SPIEGEL: Do you have any evidence that the al-Qaida terrorist network is using the black market?

ElBaradei: I have no evidence that al-Qaida has abandoned its ambitions to obtain a so-called dirty bomb or even a nuclear weapon.

SPIEGEL: If the Taliban is able to continue its advance in Pakistan, fundamentalists could gain control over an entire arsenal of nuclear weapons for the first time. The Americans see this as a real danger.

ElBaradei: I am also very concerned about this development.

SPIEGEL: In a speech in Prague a few weeks ago, President Obama proposed his vision of a nuclear-free world. Is this realistic?

ElBaradei: The world is at a turning point, and it is also a race against time. Fortunately, there is support for the idea that complete nuclear disarmament is not a utopia, but both necessary and possible. I think it's encouraging that President Obama has come out so clearly in support of this goal.

SPIEGEL: But can he keep his promises?

ElBaradei: That's the million-dollar question. In my opinion, we can easily reduce the 27,000 warheads -- 95 percent of which are in the hands of the Americans and Russians -- to 1,000 or 500. Deep in my heart, I would like to see a world without a single nuclear weapon. But I can also imagine that a small number of nuclear weapons will remain in existence. In that case, they ought to be supervised internationally, for example, by the United Nations Security Council.

SPIEGEL: Is that naïve or visionary?

ElBaradei: You know, if (former US Secretary of State) Henry Kissinger says it, it's considered visionary. If I say it, it is rather seen as naïve.
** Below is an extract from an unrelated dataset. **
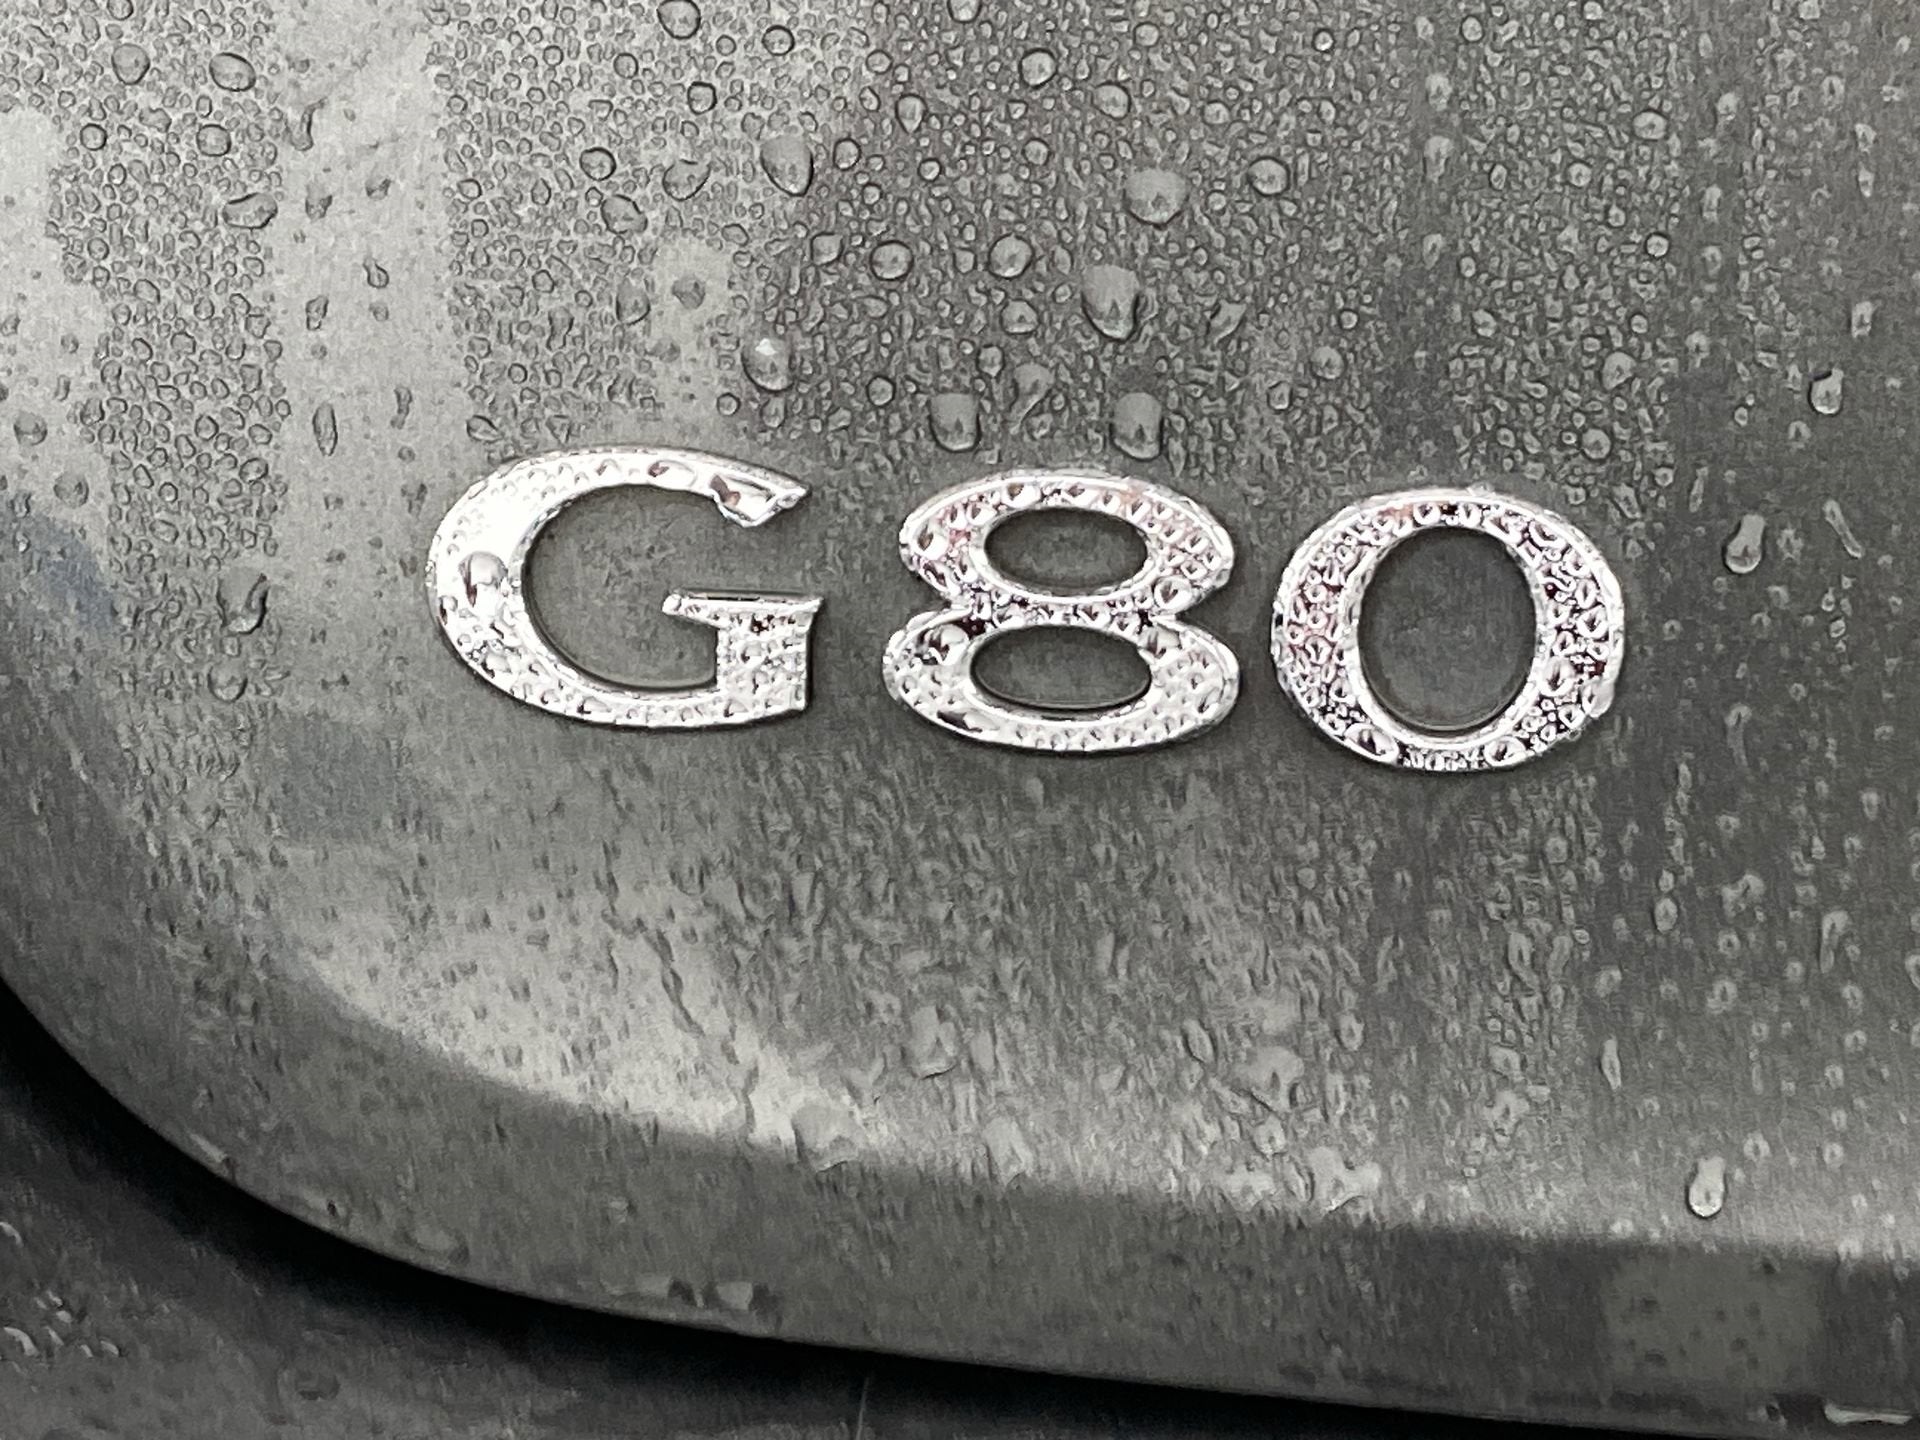 2018 Genesis G80 5.0L Ultimate
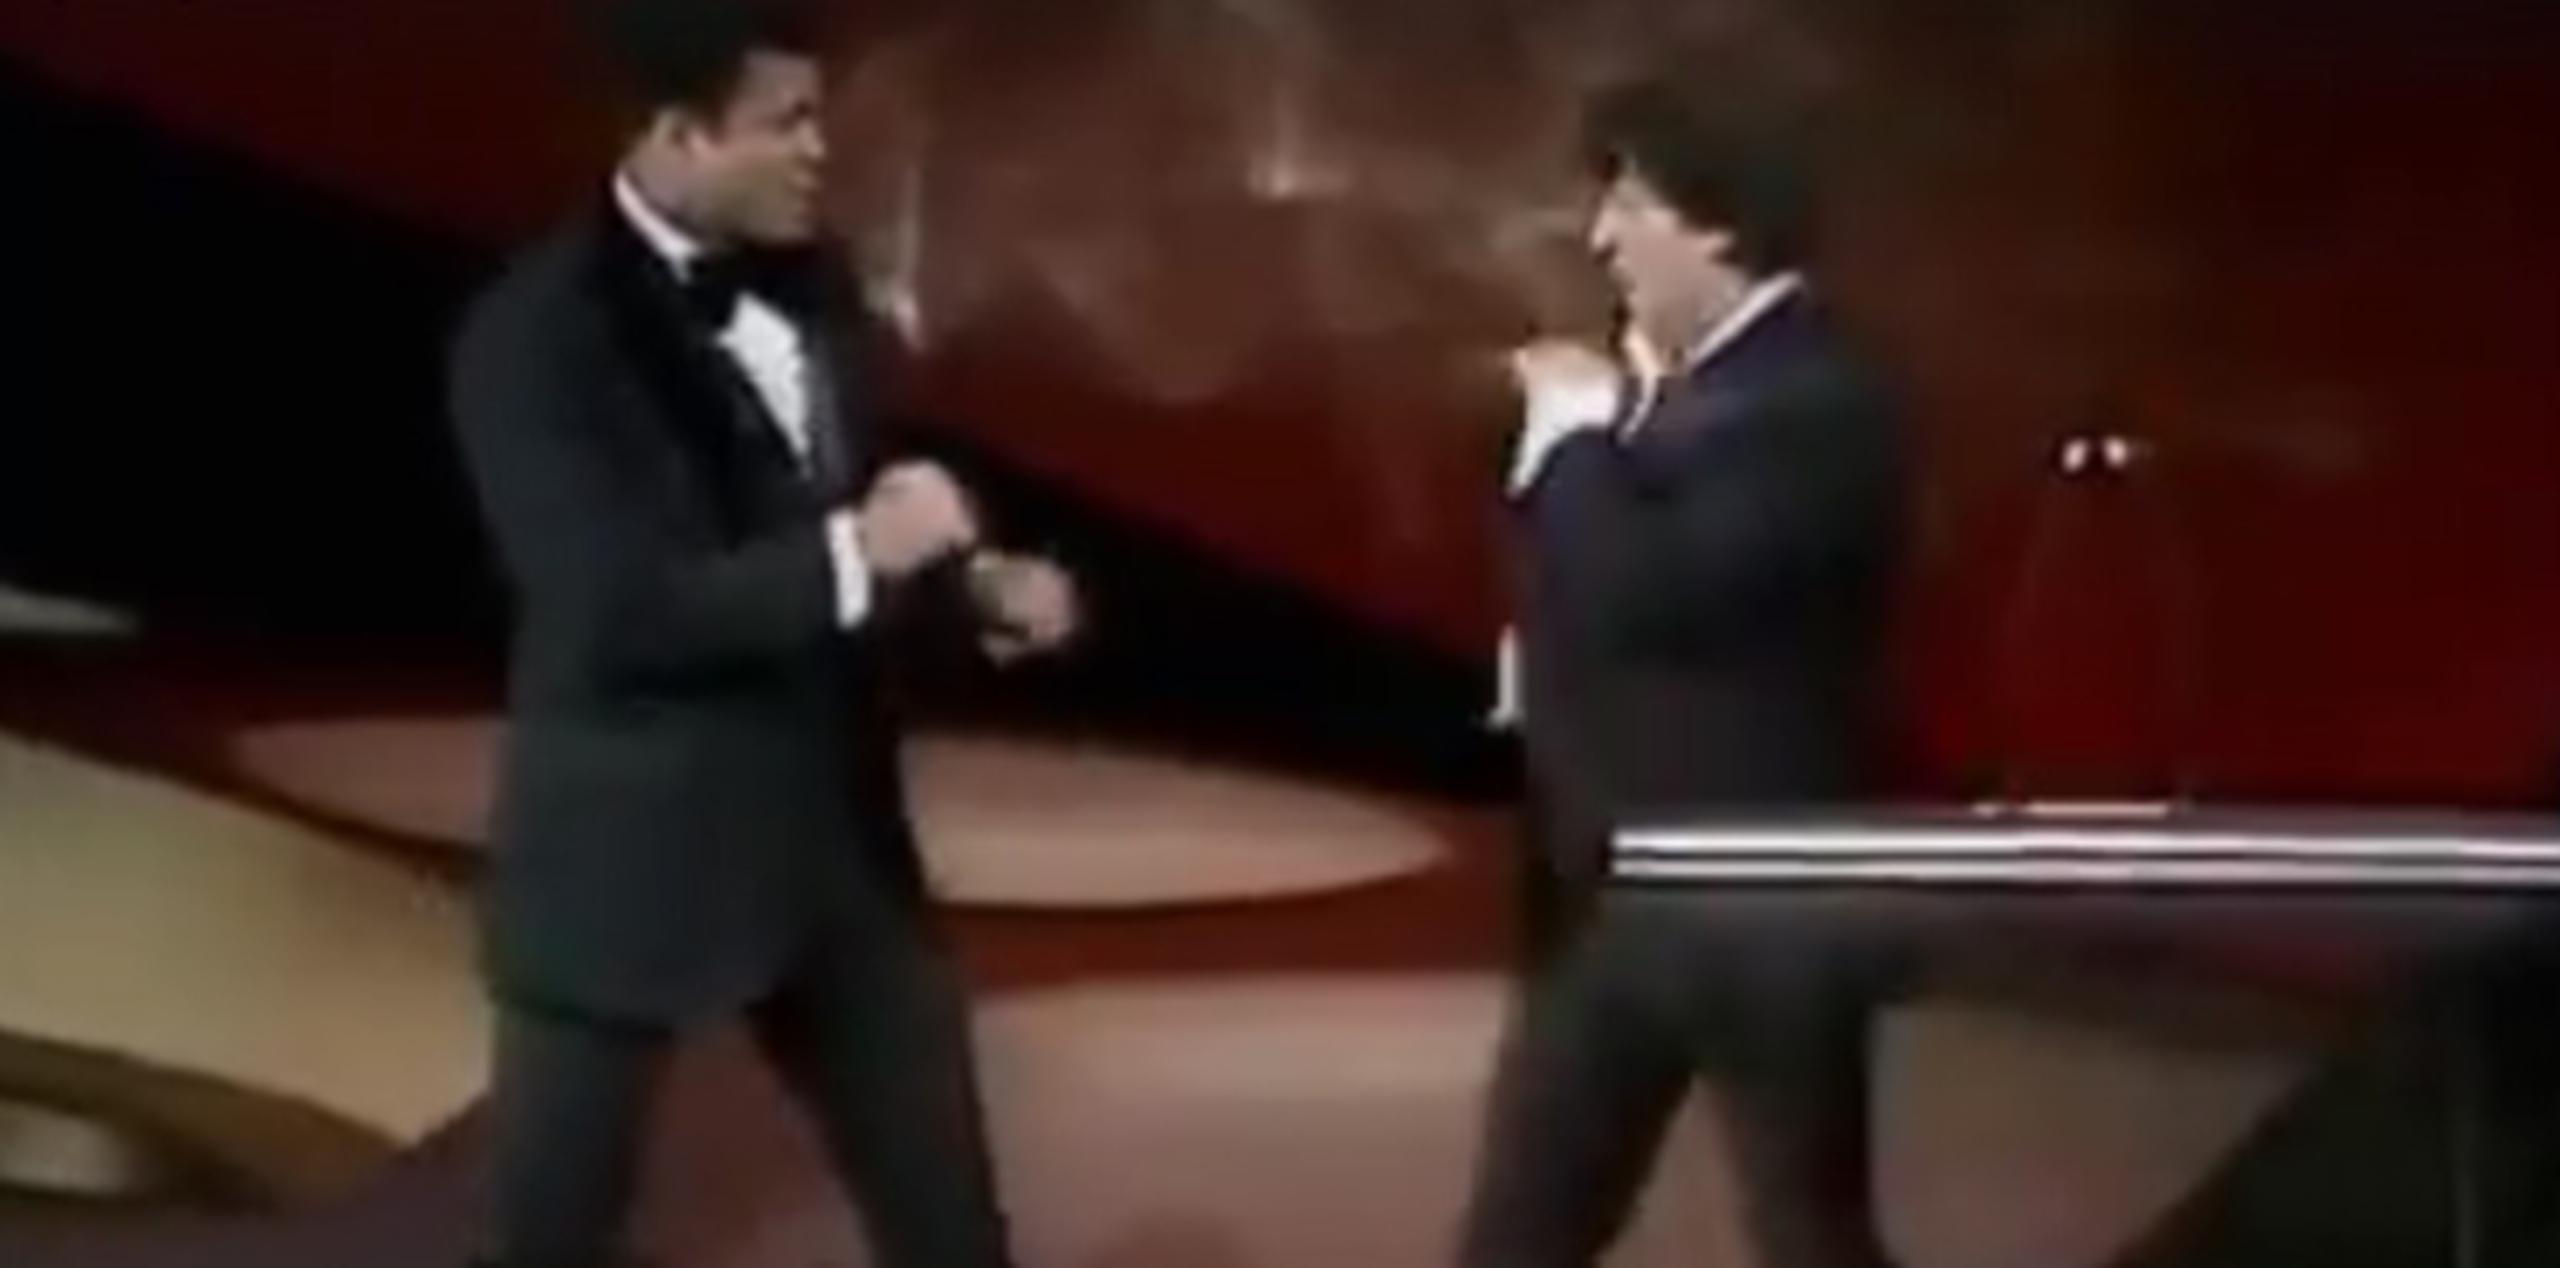 Ali y el actor hicieron ademanes de una pelea en tarima. (Facebook)

SPIEGEL: Do we detect a note of bitterness at the end of your time in office?

ElBaradei: You cannot please anyone in this position, and perhaps one shouldn't try in the first place. Many in the Arab world treated me as an agent of the West; and, in the West, I was considered overly sympathetic toward Muslims. But I have no reason to complain. This work is important, and I have actually achieved quite a bit.

SPIEGEL: Mr. ElBaradei, thank you for this interview.

Interview conducted by Dieter Bednarz and Erich Follath in Vienna.